Within two games, he had also found his captain. Siya Kolisi was "the right guy at the right time", he tells the camera. Kolisi, it turned out, was also not so windgat (a favourite Rassie word) that he couldn’t ask for advice from teammates in his first test as skipper. As the Boks stood behind the posts, 24-3 down against England at Ellis Park, he appealed to those around him, some of them veterans of the rugby struggle.

"The best thing he [Siya] did was to rely on the guys around him. He even said, ‘I’m not the best experienced guy but I need you guys to help me’," Mtawarira tells Chasing the Sun. And they rallied to their captain, coming back to win 42-39.

It was a fairytale finish to a rugby Test match that had begun so auspiciously, then threatened to end in tears. A throng of rugby fans from Zwide, a neglected relic of apartheid near Port Elizabeth and Kolisi’s home, had hired taxis and buses to come to Ellis Park.
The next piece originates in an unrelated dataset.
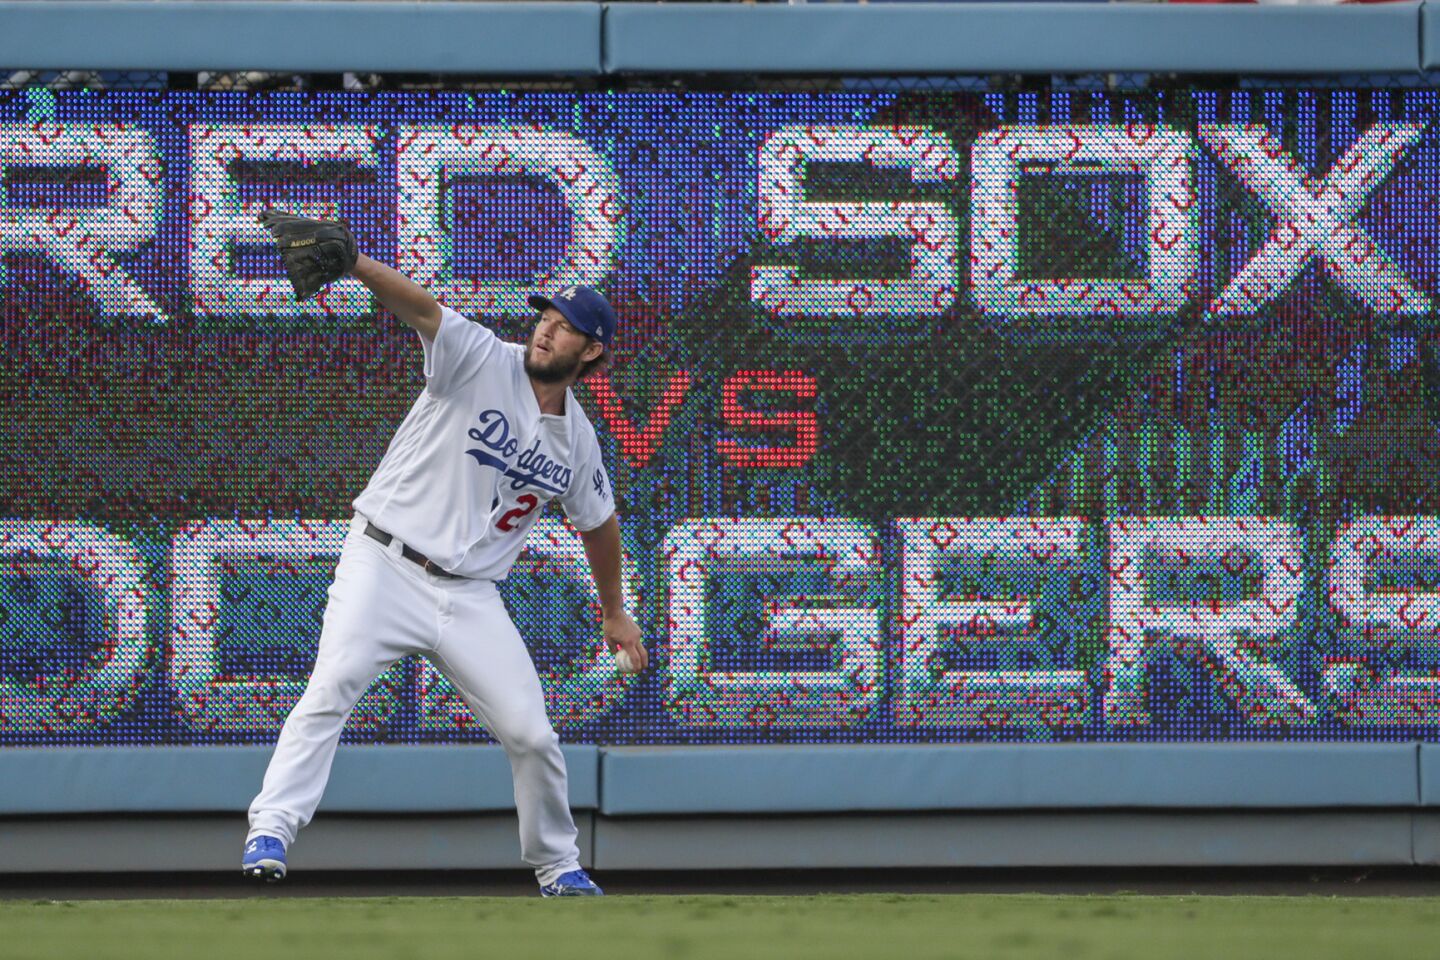 Dodgers ace Clayton Kershaw warms up in the outfield before facing the Red Sox in Game 5 of the World Series.
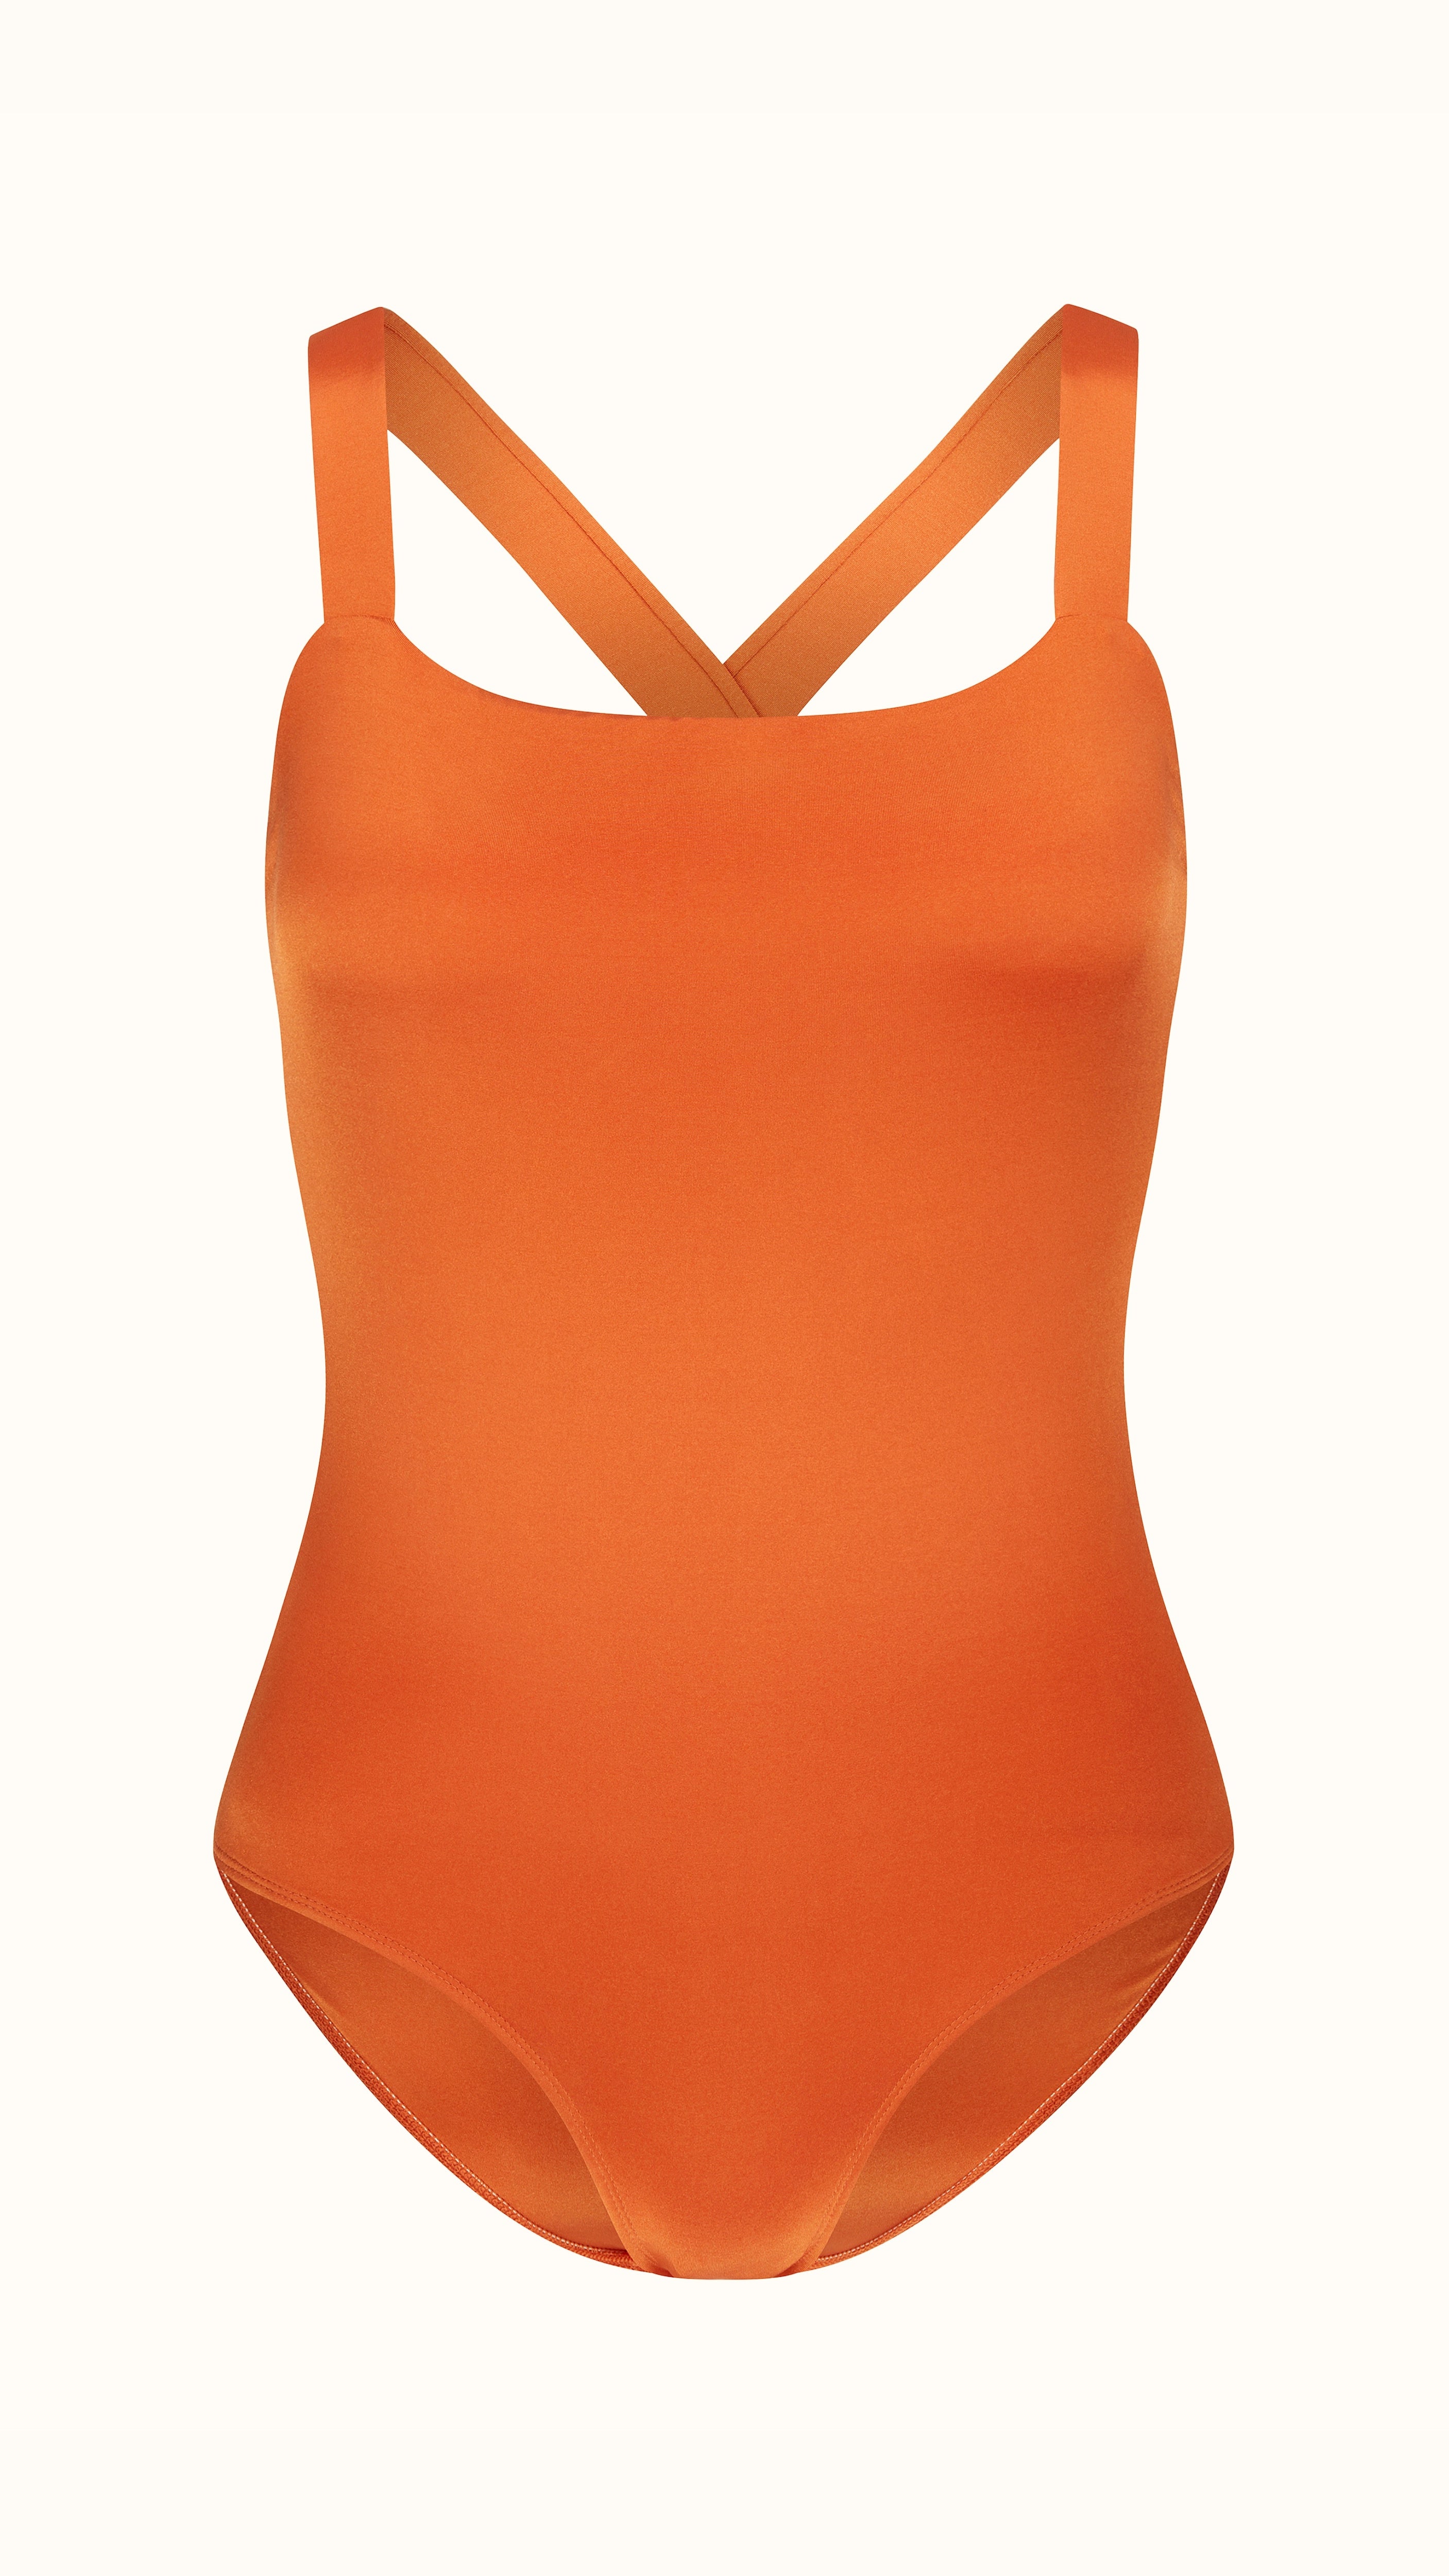 Talia Collins Cross Back Swimsuit in Terracotta Orange. Sustainable swimwear made from recycled materials. One piece classic swimsuit style with cross straps in the back. Scoop neck with full coverage bikini bathing suit top and bum coverage. Experience 27 Madrid. Product photo front view.

They called themselves the Gwijo Squad.

And when Kolisi led his team onto the field for the first time, Kaunda Ntunja called the game in his and Kolisi’s native Xhosa more like a praise singer than a rugby commentator. Ntunja, who died earlier this year aged 38 and to whom the first episode is dedicated, called Kolisi "a cement truck with no reverse gear".

It is one of the poignant moments in the first episode. Another is when Rassie speaks of Makazole Mapimpi, a man from backbreaking rural poverty who had learnt his rugby at a school that no longer even exists. Mapimpi worked his way through club rugby in East London, into the Border team, then into the now defunct Southern Kings. Someone noticed him, because Erasmus found him at the Sharks.

Then, on a November night in Yokohama last year, Mapimpi became the first Springbok in three Rugby World Cup finals to score a try. Rassie has tears in his eyes and a choke in his voice as he talks about it. Chasing the Sun is a tearjerker, but with a happy ending.